Growing evidence suggests a role for natural immunoregulatory T cells of the CD4⁺CD25⁺FOXP3⁺ phenotype (T_reg)³ in the prevention of autoimmunity. Numerous studies have reported numeric or functional deficiencies of T_reg in various human autoimmune diseases including inflammatory demyelinating disorders of the CNS (Refs. 1, 2, 3, 4, 5, 6, 7, 8, 9, 10 and M. Korporal, M., J. Haas, B. Fritzsching, S. Möller, B. Fritz, C. S. Falk, P. H. Krammer, E. Suri-Payer, and B. Wildemann, Restored suppressive capacities of regulatory T cells under therapy with IFN-β and glatiramer acetate in patients with multiple sclerosis, submitted for publication). We and others have shown that T_reg derived from patients with relapsing remitting multiple sclerosis (RRMS) display a functional impairment because they inhibit myelin-specific and Ag-nonspecific T cell proliferation less potently as compared with healthy control donors (Refs. 8, 9, 10 and M. Korporal, M., J. Haas, B. Fritzsching, S. Möller, B. Fritz, C. S. Falk, P. H. Krammer, E. Suri-Payer, and B. Wildemann, submitted for publication). The mechanisms of this T_reg defect are unclear. In particular, T_reg frequencies in the peripheral blood of multiple sclerosis (MS) patients are unaltered as is their susceptibility to undergoing CD95 ligand-mediated apoptosis (Refs. 8 , 10 , and 11 and M. Korporal, M., J. Haas, B. Fritzsching, S. Möller, B. Fritz, C. S. Falk, P. H. Krammer, E. Suri-Payer, and B. Wildemann, submitted for publication).
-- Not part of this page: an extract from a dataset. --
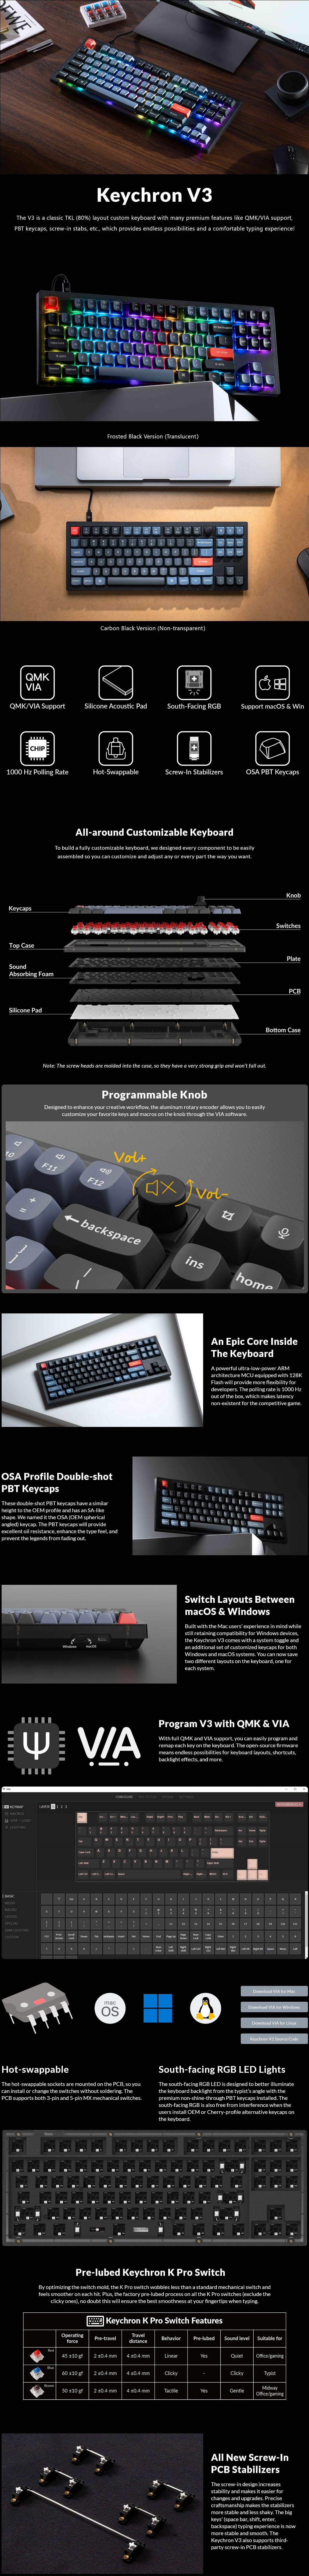 A large marketing image providing additional information about the product Keychron V3 RGB TKL Mechanical Keyboard - Carbon Black (Brown Switch) - Additional alt info not provided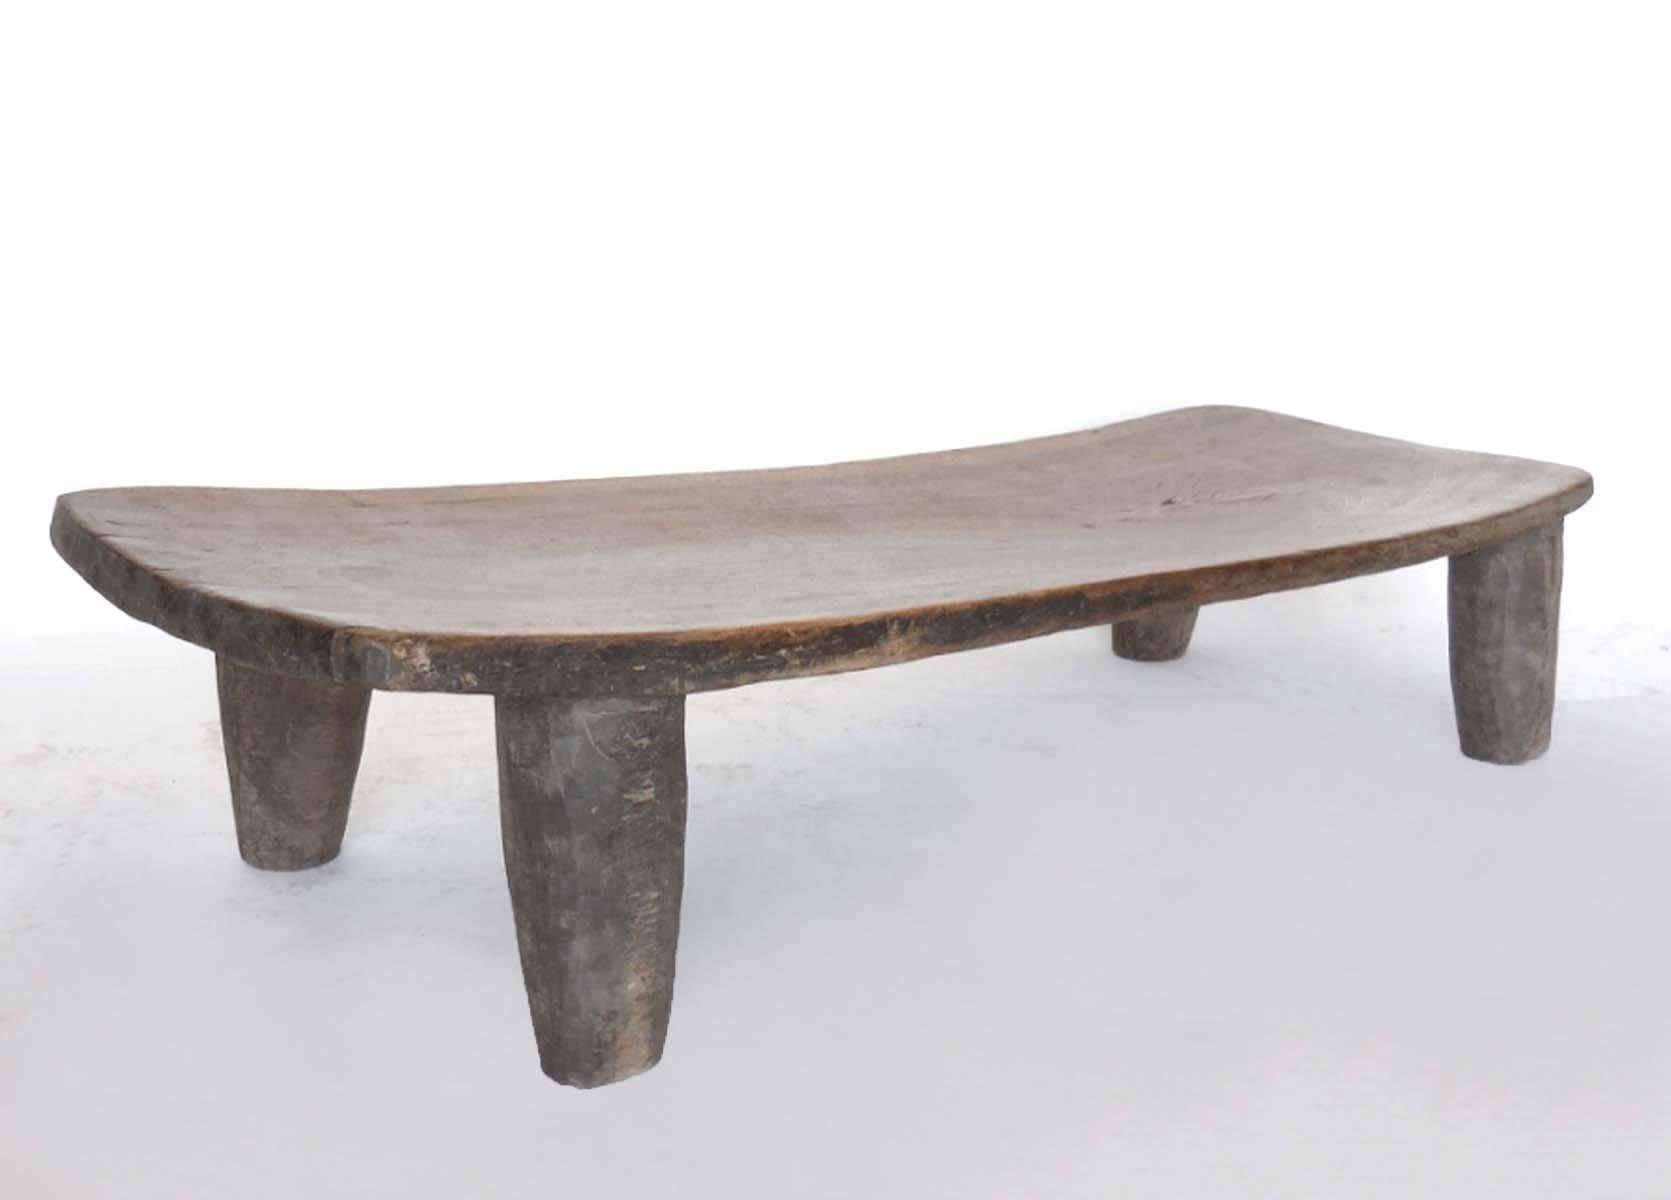 Carved from one piece of wood, this light colored early 20th century child's bed can be used as a petite coffee table or bench. The wooden top has lovely graining and patina and is one solid piece. Wear on the legs is commensurate with the age of

T_reg mature in the thymus and the majority of the cells rapidly adopt a memory CD45RO phenotype (12) when released into the periphery. However, there is recent evidence that small numbers of T cells with a naive CD4⁺CD25⁺CD45RA⁺ surface profile and immunosuppressive properties are detectable within the peripheral T_reg pool (13, 14, 15, 16). Unlike their Ag-primed memory counterpart, this naive T_reg subset may comprise de novo generated cells that have been recently released from the thymus and have not yet experienced Ag contact. Kimmig et al. have demonstrated that surface expression of CD31 (PECAM-1) on naive CD4⁺ T cells distinguishes recent thymic emigrants (RTEs) from peripherally expanded naive Th cells (RTE-Th) (17). CD4⁺CD45RA⁺RO⁻CD31⁺ RTEs, unlike CD45RA⁺ Th cells lacking CD31, contain high amount of TCR excision circles (TRECs). TRECs are generated as a by-product of the TCR rearrangement process in the thymus and are enriched in newly generated T cells (18). Thus, phenotypic and molecular features define CD4⁺CD45RA⁺CD31⁺ T cells as RTEs and CD4⁺CD45RA⁺CD31⁻ T cells as peripherally expanded naive Th cells. As thymic function declines with age the release of RTEs also decreases. This loss of de novo generated Th cells is compensated by peripheral postthymic expansion, resulting in an increase of CD4⁺CD45RA⁺CD31⁻ T cell numbers with age (17, 19).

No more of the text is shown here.